After her husband, who suffered from dementia, died in 2017, relatives urged Betty to move into an assisted-living facility. But she chose to stay in her home and remain independent.
Croce said she was friendly with other residents in the building, but didn’t have many visitors other than her aides and a financial adviser who visited regularly.
In recent years, Croce said, Cabral stopped driving and relied heavily on her aides to get around. The aides, he said, would drive her car.
Robert Cabral, who lives on the west coast of the state, said he didn’t know his aunt had died — and didn’t know the circumstances of her death — until very recently.

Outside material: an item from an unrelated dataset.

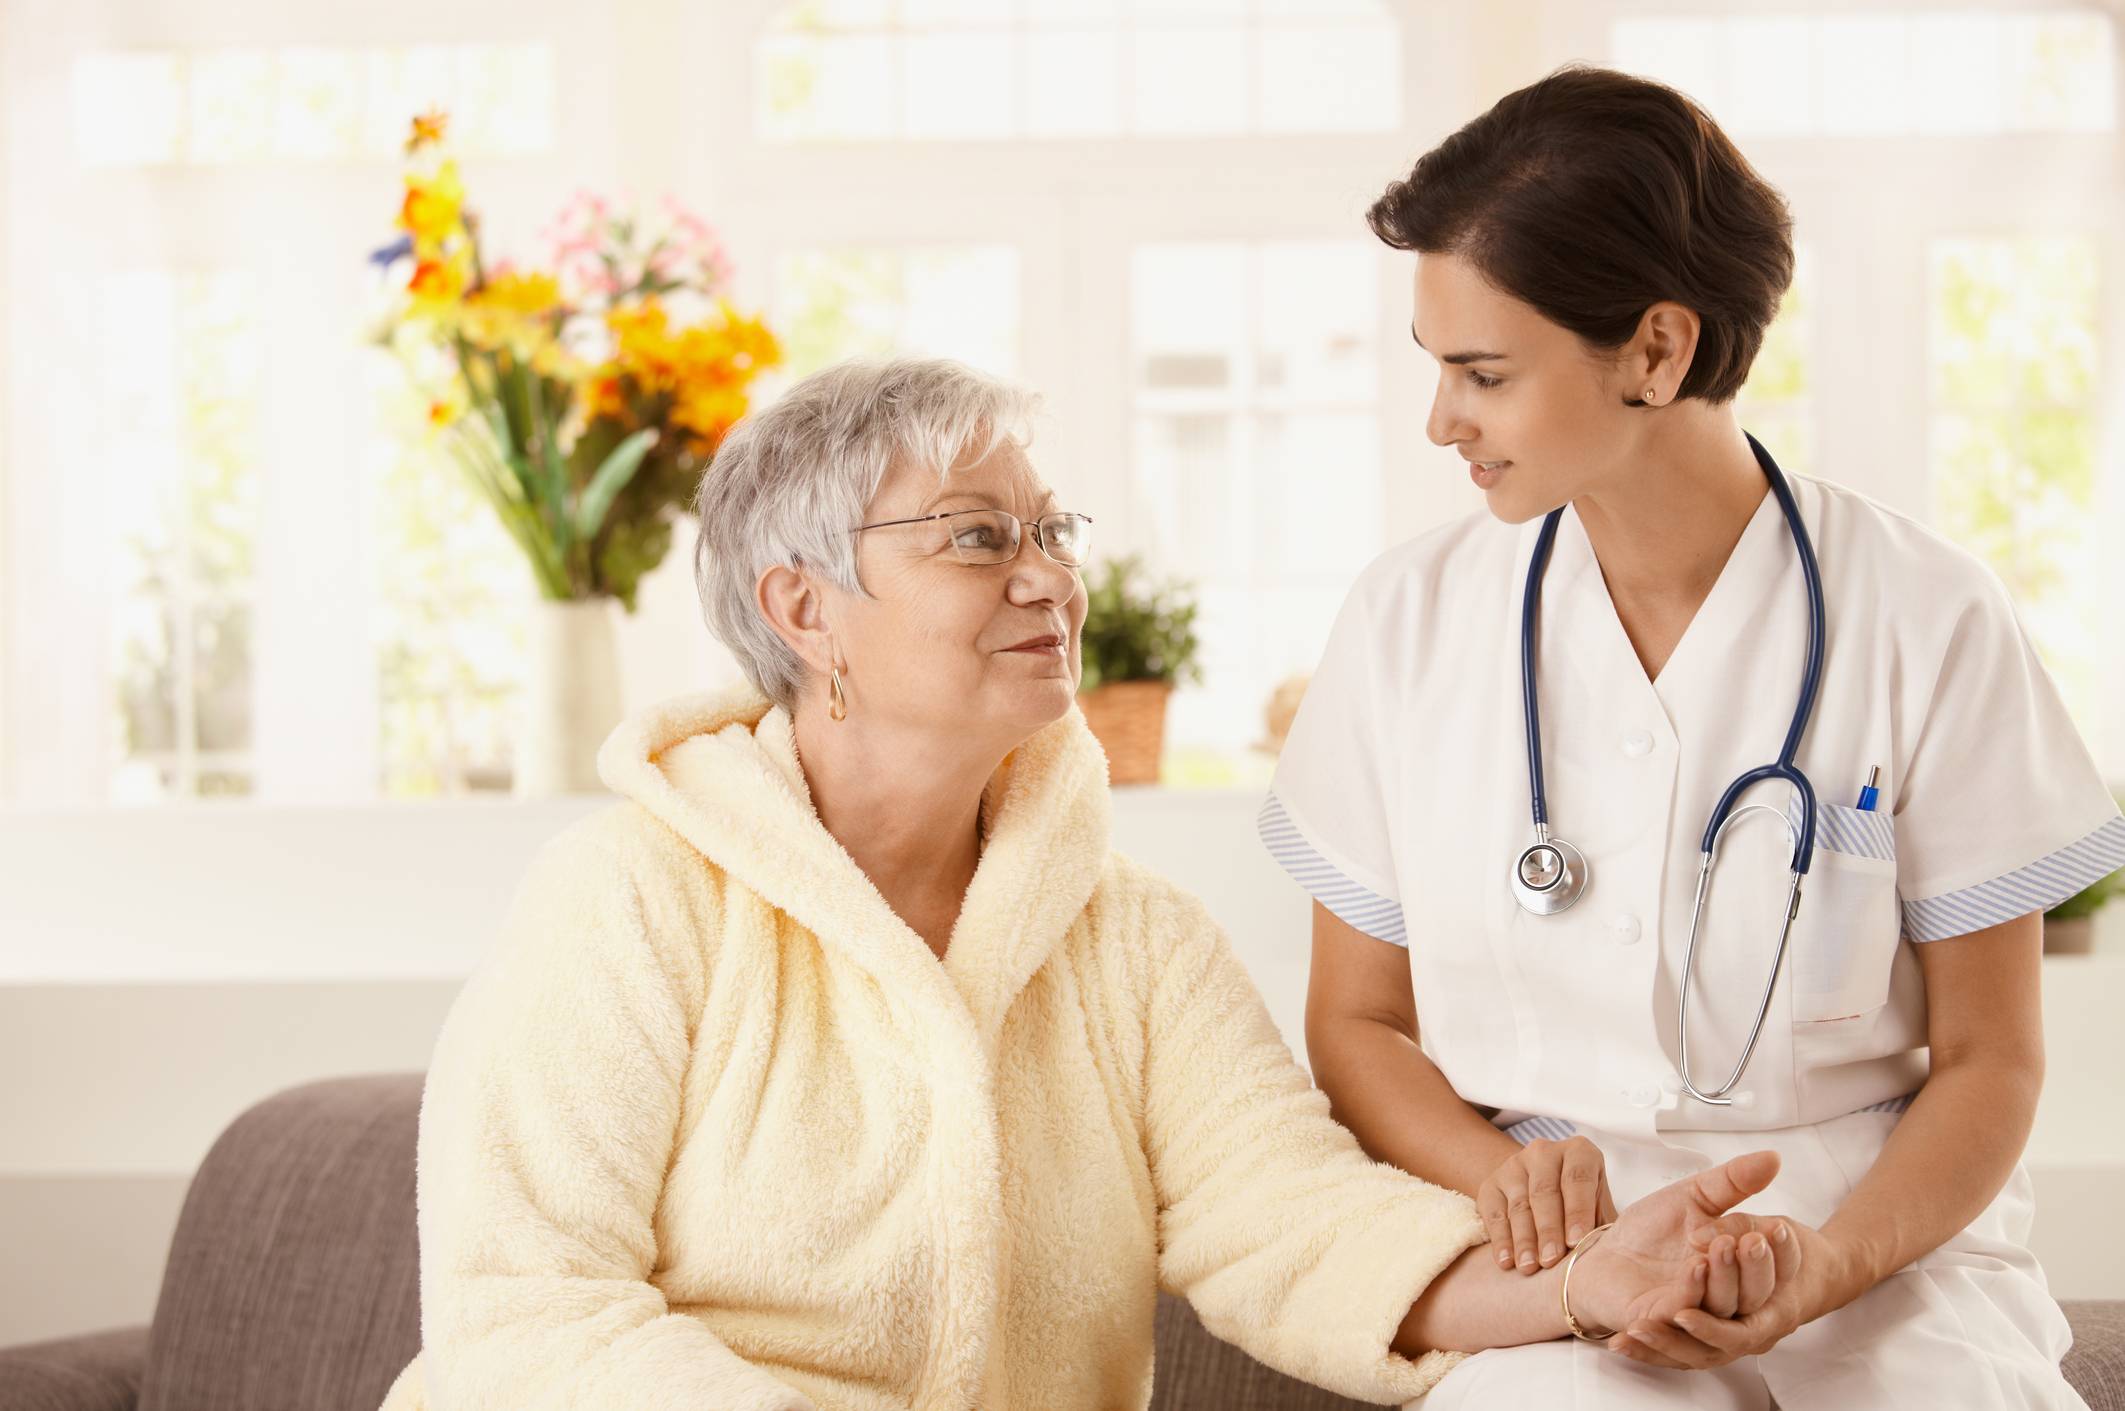 home health care agency business plan

“Months went by and we knew nothing,” he said. “We don’t even know where the body is.”
He said he and other relatives hope to reach an out-of-state relative of Betty Cabral’s whom the Sheriff’s Office most likely notified of her death.
Deputies towed Cabral’s Hyundai Sonata from near Pompano Beach to the Palm Beach County Sheriff’s Office headquarters for processing. The keys were on the floorboard.
Like Robert Cabral, Croce is seeking more information about Cabral’s death, hoping to calm other residents in the usually quiet building.
Major crimes are rare in Highland Beach, a town that has a full Police Department with officers routinely on patrol. Highland Beach has repeatedly been rated among the top 10 safest cities in Florida by organizations that conduct ratings.
Highland Beach’s only other confirmed homicide occurred in 1994 when someone fatally stabbed Richard P. Ramaglia, 49, in his home in the 4000 block of South Ocean Boulevard.
Palm Beach County Sheriff’s deputies later arrested Mary Juhnke, 23. Juhnke told detectives an argument over whether she should have an abortion led to the stabbing.
Juhnke later pleaded guilty to second-degree murder and was sentenced to 17 years in prison in December 1994.